Testosterone is the primary androgen in both men and women. In men, it's produced mainly by the Leydig cells in the testes, regulated by luteinising hormone (LH) from the pituitary gland. Women produce smaller quantities in the ovaries and adrenal glands.
Beyond muscle mass and sex drive, testosterone regulates bone density, red blood cell production, fat distribution, mood, and cognitive function. Low levels are associated with increased cardiovascular risk, type 2 diabetes, osteoporosis, and depression — not just “feeling a bit tired.”
The challenge isn't whether testosterone matters. It's that the reference ranges used by most UK labs are so wide (6–27 nmol/L in some NHS labs) that a 25‑year‑old athlete and a 75‑year‑old with metabolic syndrome can both be told they're “normal.” Understanding what your level means for your age is the first step.
2. Normal testosterone levels by age (nmol/L)
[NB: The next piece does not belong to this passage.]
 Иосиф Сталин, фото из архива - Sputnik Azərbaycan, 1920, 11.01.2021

The table below shows total testosterone reference ranges for men, based on data from the British Society for Sexual Medicine (BSSM) and UK laboratory standards. All values are in nmol/L — the standard unit used by UK labs.
| AGE | TYPICAL RANGE | NOTES |
|---|---|---|
| 18–29 | 8.7–29.0 nmol/L | Peak production. Average ~17.5 nmol/L |
| 30–39 | 8.7–29.0 nmol/L | Gradual decline begins in some men. Average ~17.3 nmol/L |
| 40–49 | 8.7–29.0 nmol/L | Range unchanged, but SHBG rises — free T may be lower. Average ~16.8 nmol/L |
| 50–59 | 6.7–25.7 nmol/L | Reference range narrows. Average ~16.5 nmol/L |
| 60–69 | 6.7–25.7 nmol/L | More men enter the grey zone. Average ~16.4 nmol/L |
| 70+ | 6.7–25.7 nmol/L | Higher comorbidity confounds readings. Average ~14–15 nmol/L |
UNIT CONVERSION
UK labs report in nmol/L. US labs use ng/dL. To convert: nmol/L × 28.842 = ng/dL. So 15 nmol/L ≈ 433 ng/dL. If you're reading American content (most of what Google surfaces), this conversion is essential.
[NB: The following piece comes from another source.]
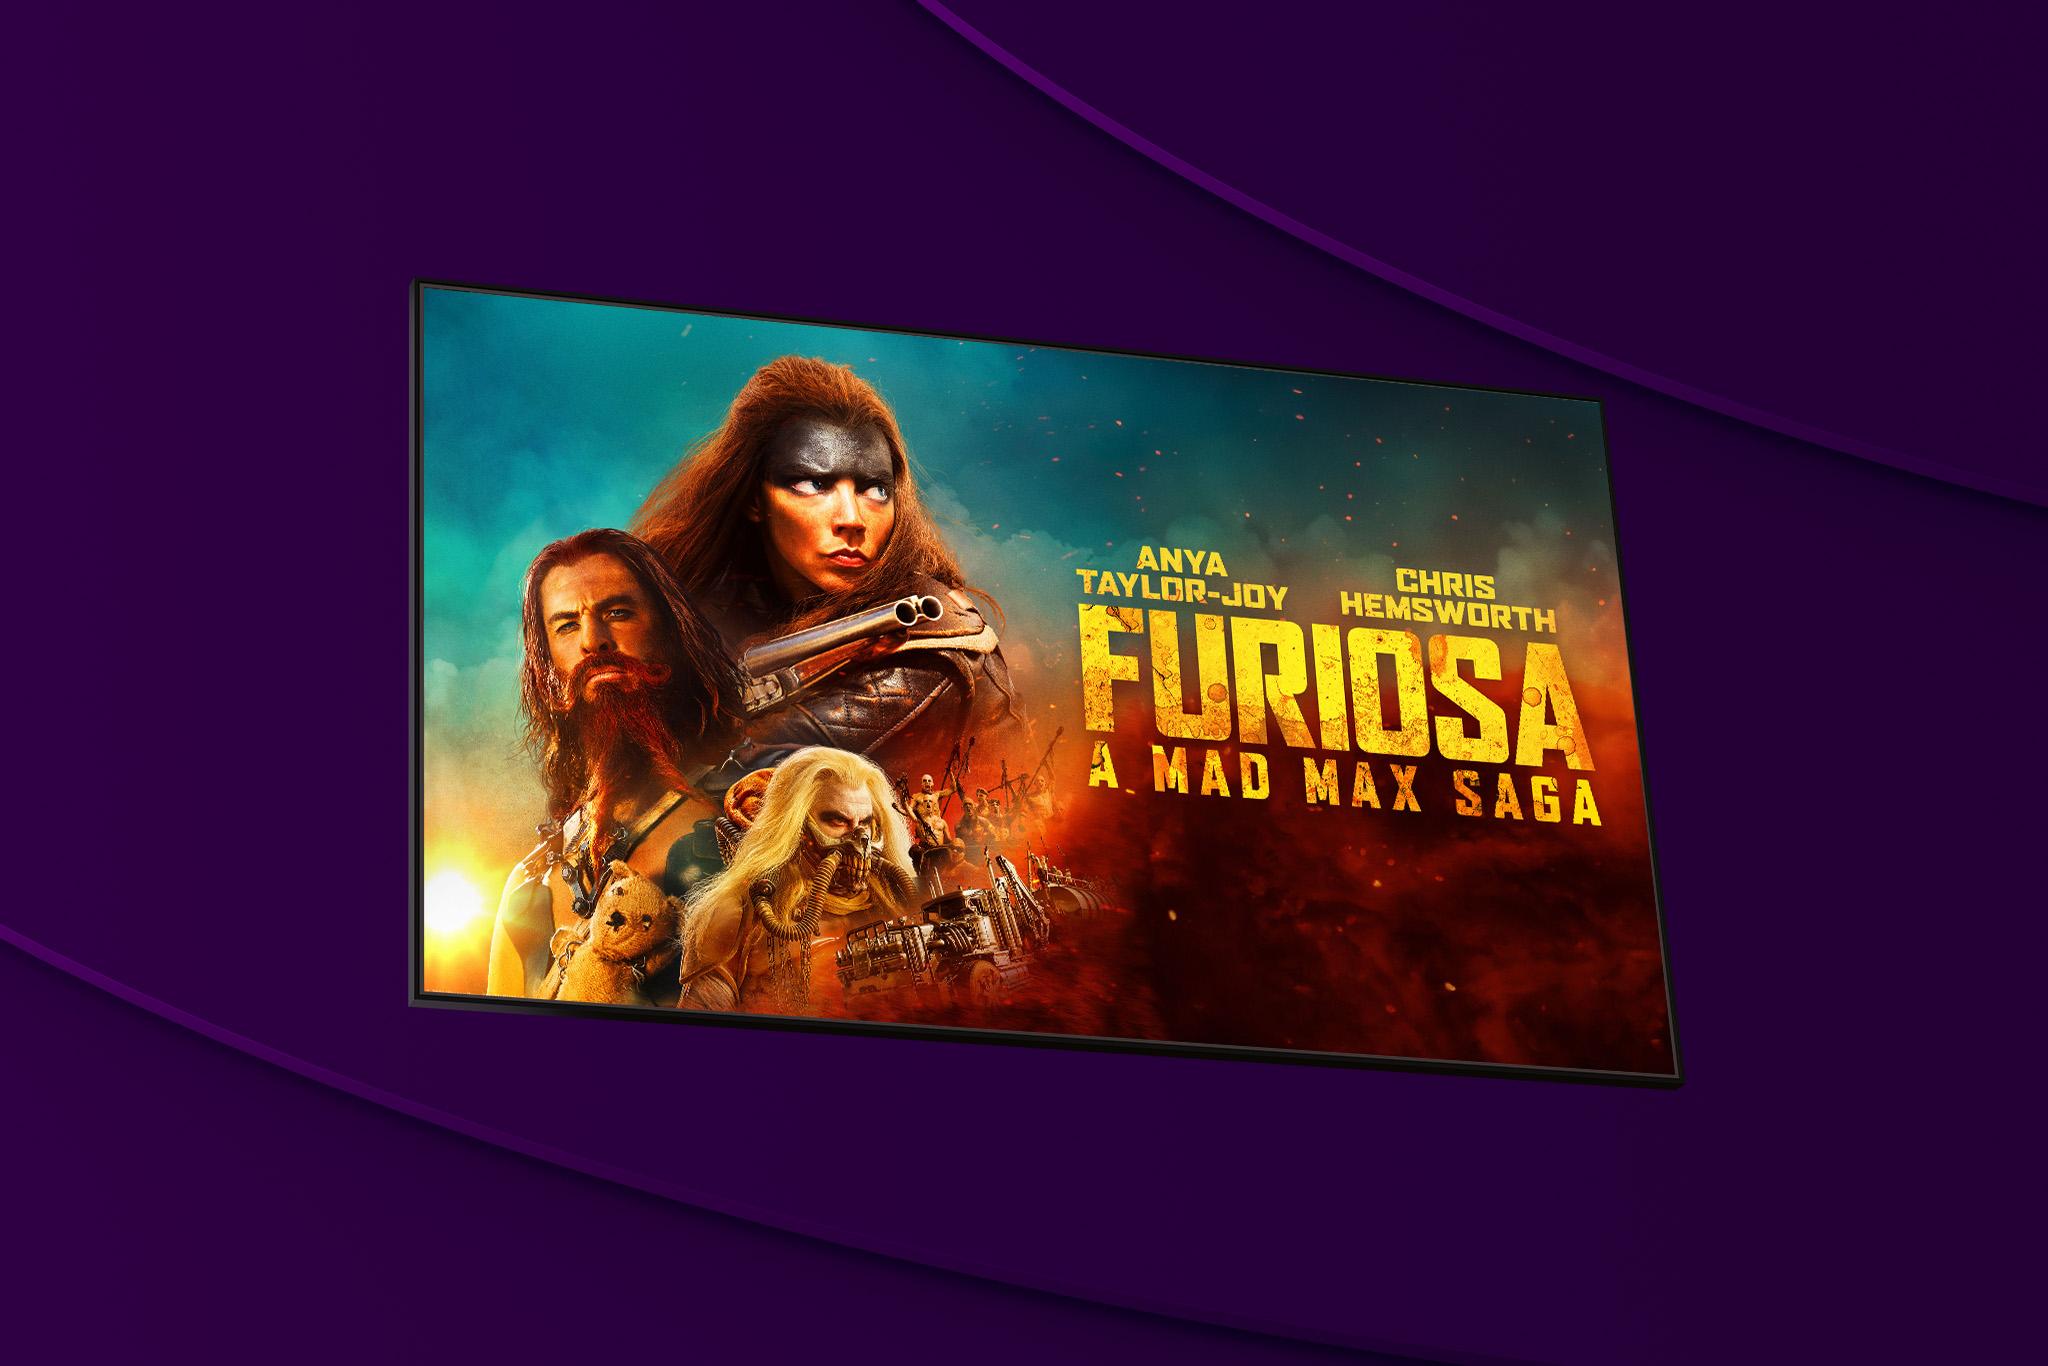 Se Furiosa: A Mad Max Saga på Filmbutiken hos Telia Play i sommar.

Note that NHS lab ranges vary. North Bristol NHS Trust uses 6–27 nmol/L. Other trusts use 8.7–29 nmol/L. This inconsistency is itself a problem — a man at 7 nmol/L could be flagged as low at one hospital and “normal” at another. This is why clinical context matters more than the number alone.
3. Does testosterone really decline 1% per year?
You'll read everywhere that testosterone drops 1–2% per year after 30. It's repeated so often it's treated as biological law. But the evidence is more nuanced.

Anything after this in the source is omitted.